All these women contributed to the war of independence and they all have something to say about it. Some of them are rural and illiterate while others are urban ad well-educated. But these determining factors do not preclude easy conclusions on who lives better with her past involvement. The pages dedicated to the national heroine Djamila Bouhired are simply moving:
the symbol had consumed the individual, limiting her choices to a politically and socially acceptable path” (159).
It was a socially acceptable path that in the 1960s and 1970s was formulated within the limits of a gender-neutral citizenship (being Algerian rather than a woman) as a product of two convergent moralising views: social conservatism and an official discourse on the purity of nation, putting the war of independence and its heroes on a pedestal. According to Vince, this particularly constrained narrative lasted until the heated debates around the 1984 Family Code. How this policy opened the possibility to another self-representation of some of these women is a fascinating point (198); many of her interlocutors moved away then from this heroic state-sponsored understanding of their past and contributed to the realisation of new versions of the nationalist genealogy.
Our Fighting Sisters is an extremely rich and well-documented monograph but perhaps not always straightforward for someone who would have a limited prior knowledge of Algeria and its messy colonial and post-colonial history. Furthermore, while Vince uses different autobiographical materials to corroborate her interviews, investigating these sources in the context of ongoing disputes over how to interpret Algeria’s past could have been pushed even further. Finally, the transmission of these women’s stories – and especially the rural ones – is less documented in Vince’s monograph.
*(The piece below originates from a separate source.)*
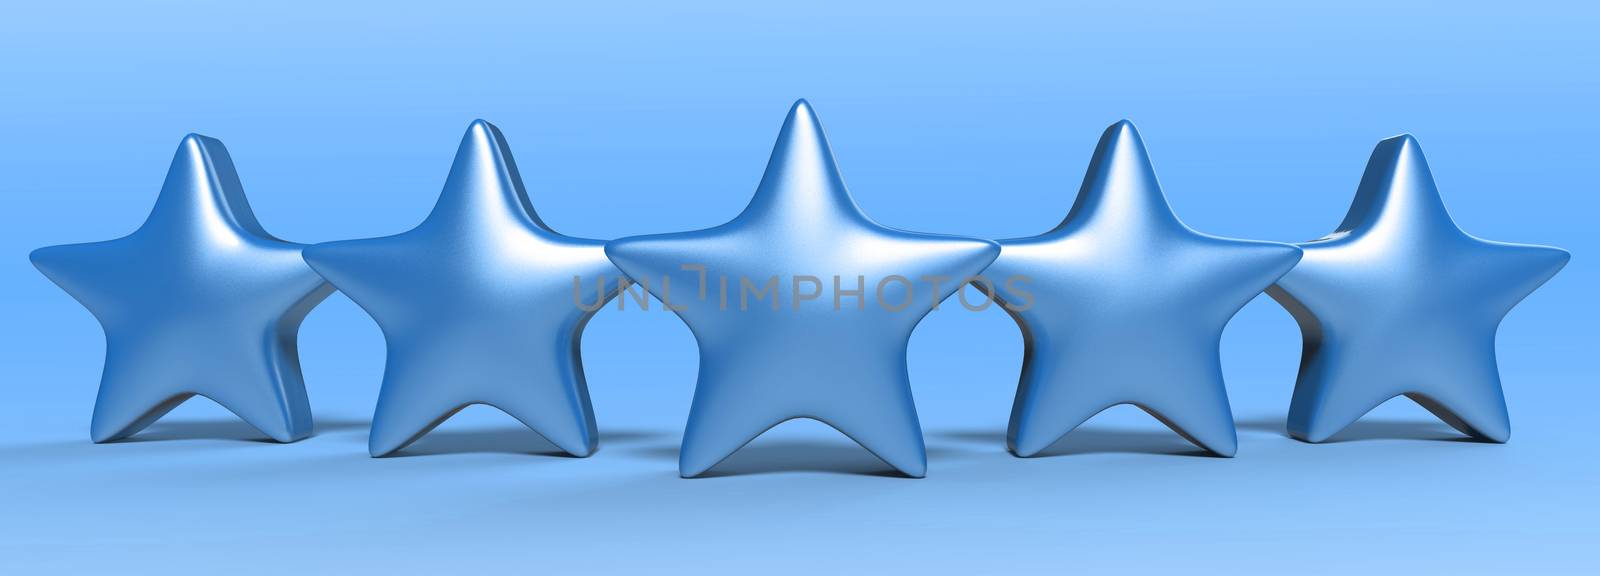 3d five blue star on color background. Render and illustration of golden star for premium
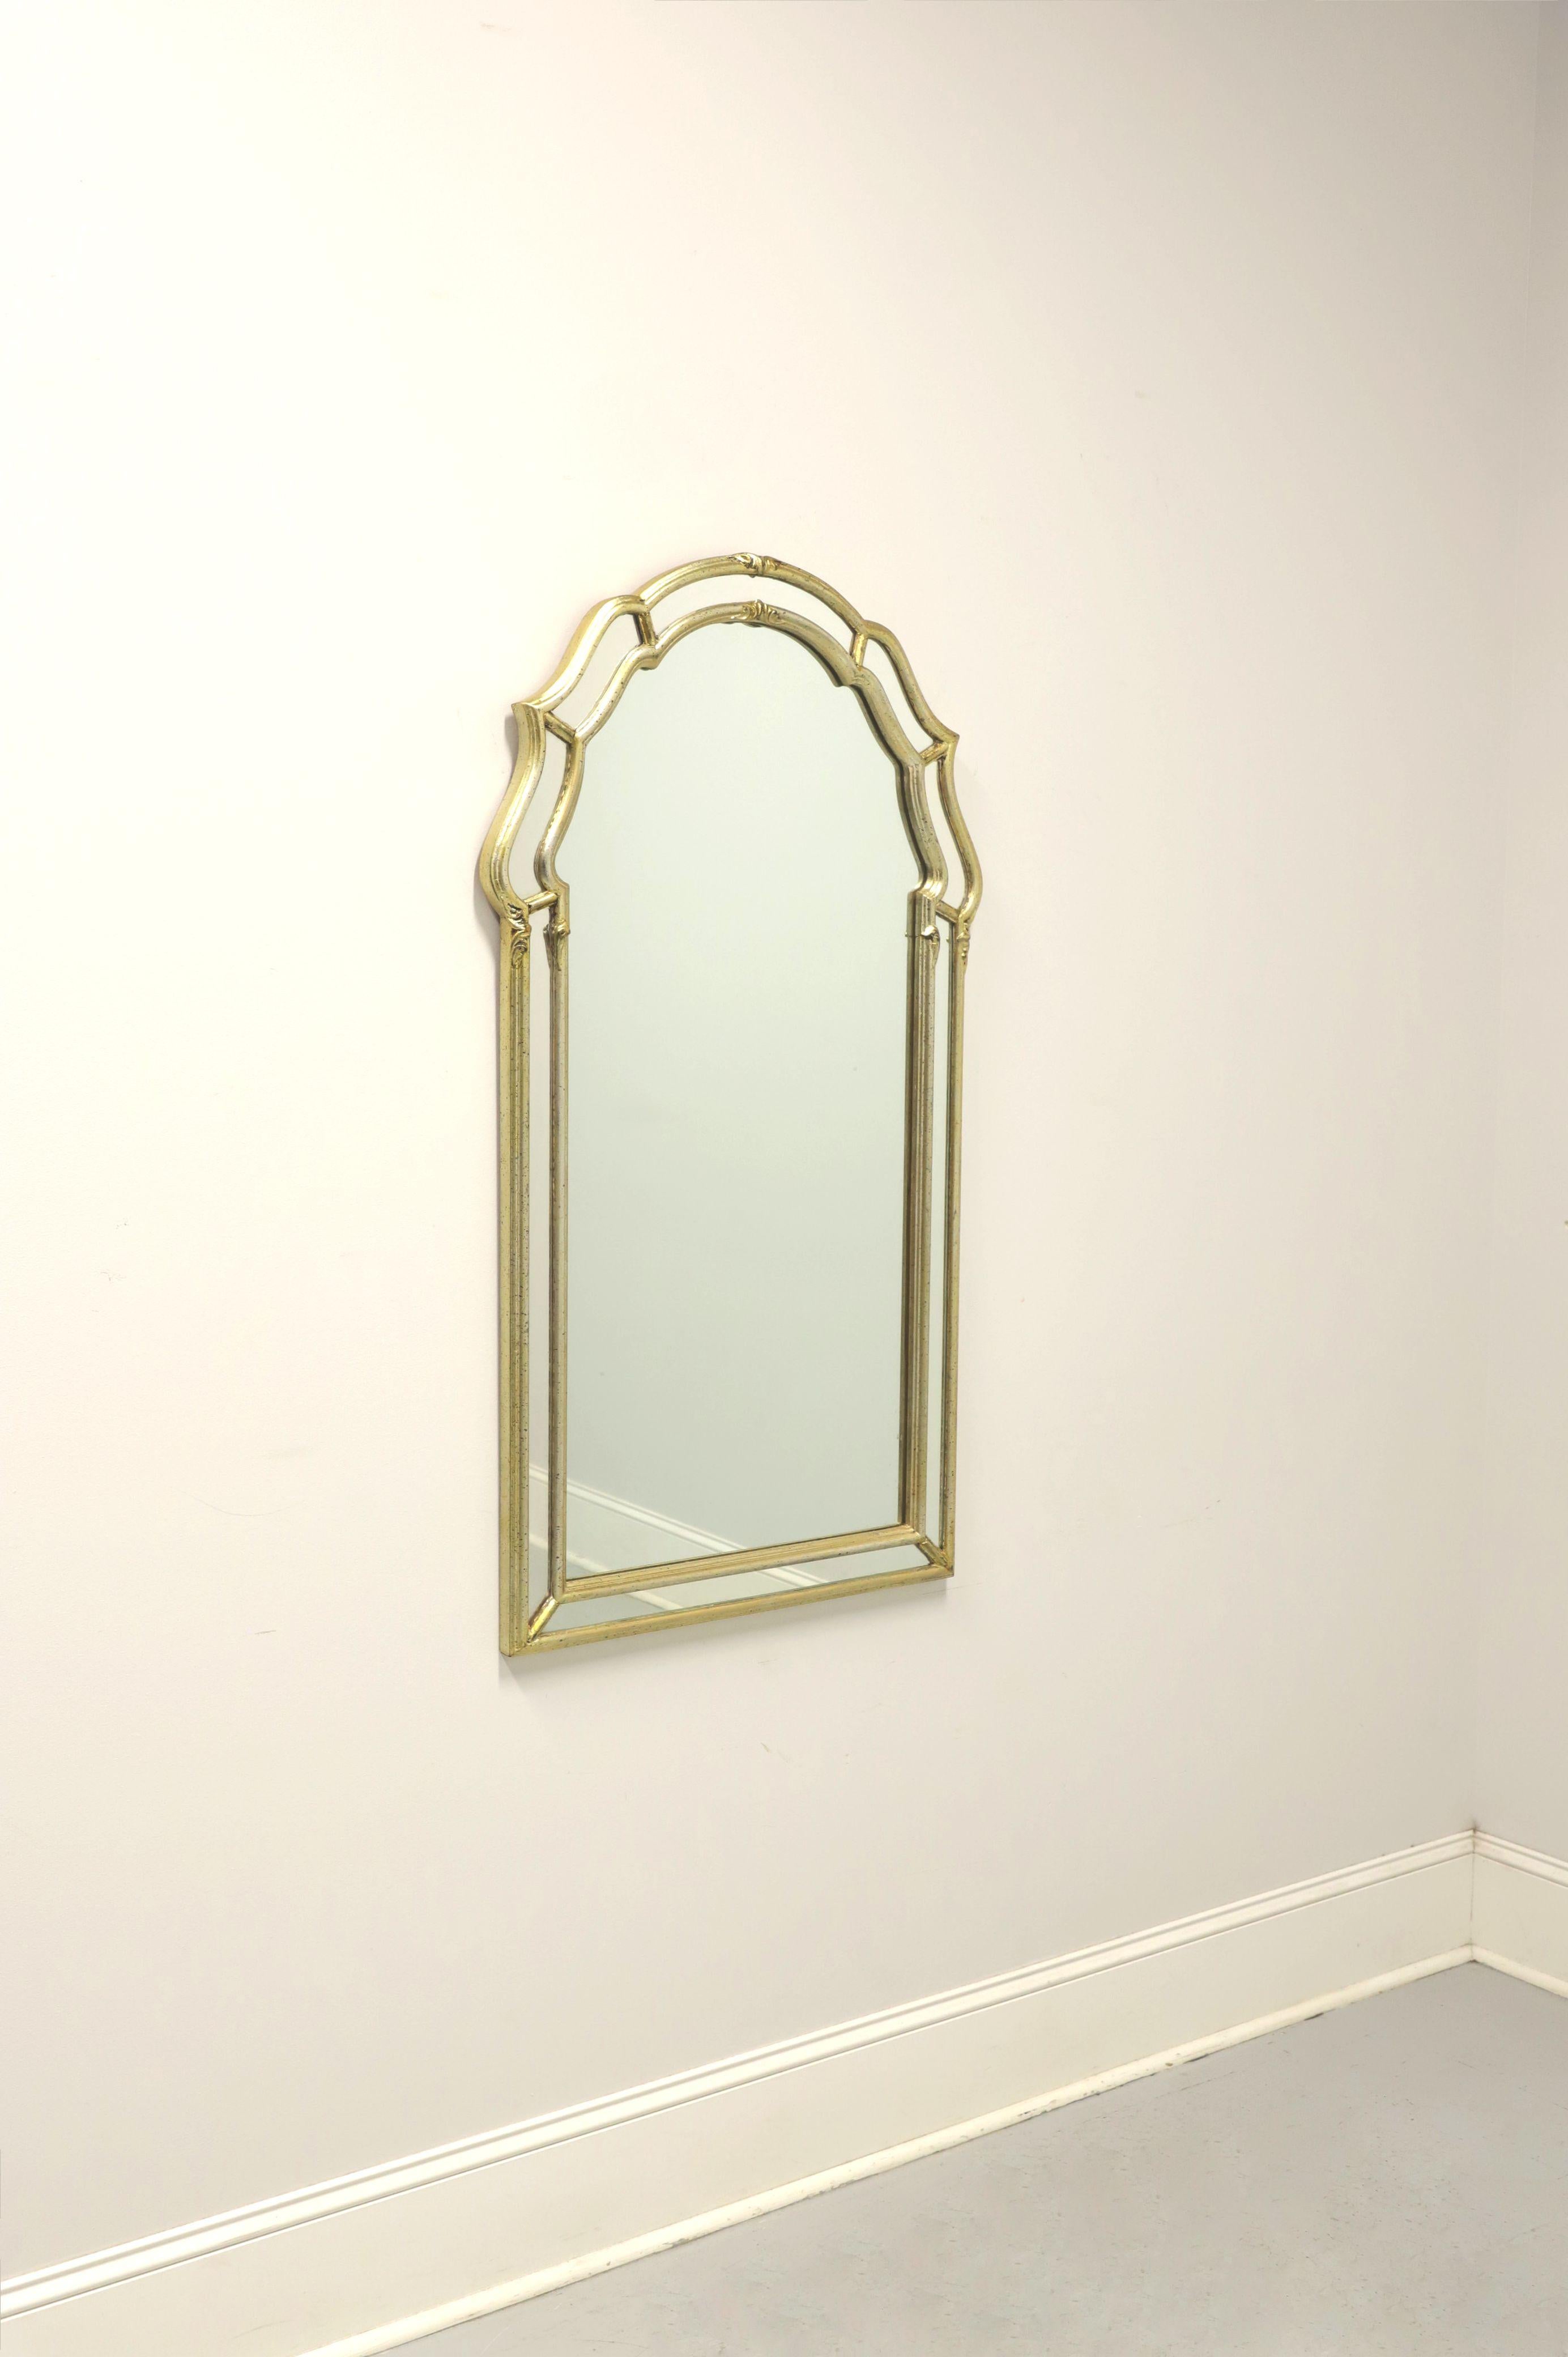 Un miroir mural de style Régence italienne, sans marque. Verre miroir dans un cadre en bois massif peint en or. Il présente un sommet arqué avec des bandes de miroirs entourant les bords extérieurs. Fabriqué en Italie, au milieu du 20e siècle.

Perhaps this point could constitute the basis of another work. But these are minor criticisms.
At the crossroad between feminism, nationalism and memory studies, Our Fighting Sisters offers an intriguing and salutary work on how individual women’s memories intertwine, disrupt and corroborate Algerian state-sponsored narratives of the war, nation and women. It is also an excellent reminder of how the act of remembering and talking through one’s past is never done outside pre-existing forms of social organisation and marks of respect, resentment, nostalgia and reputation.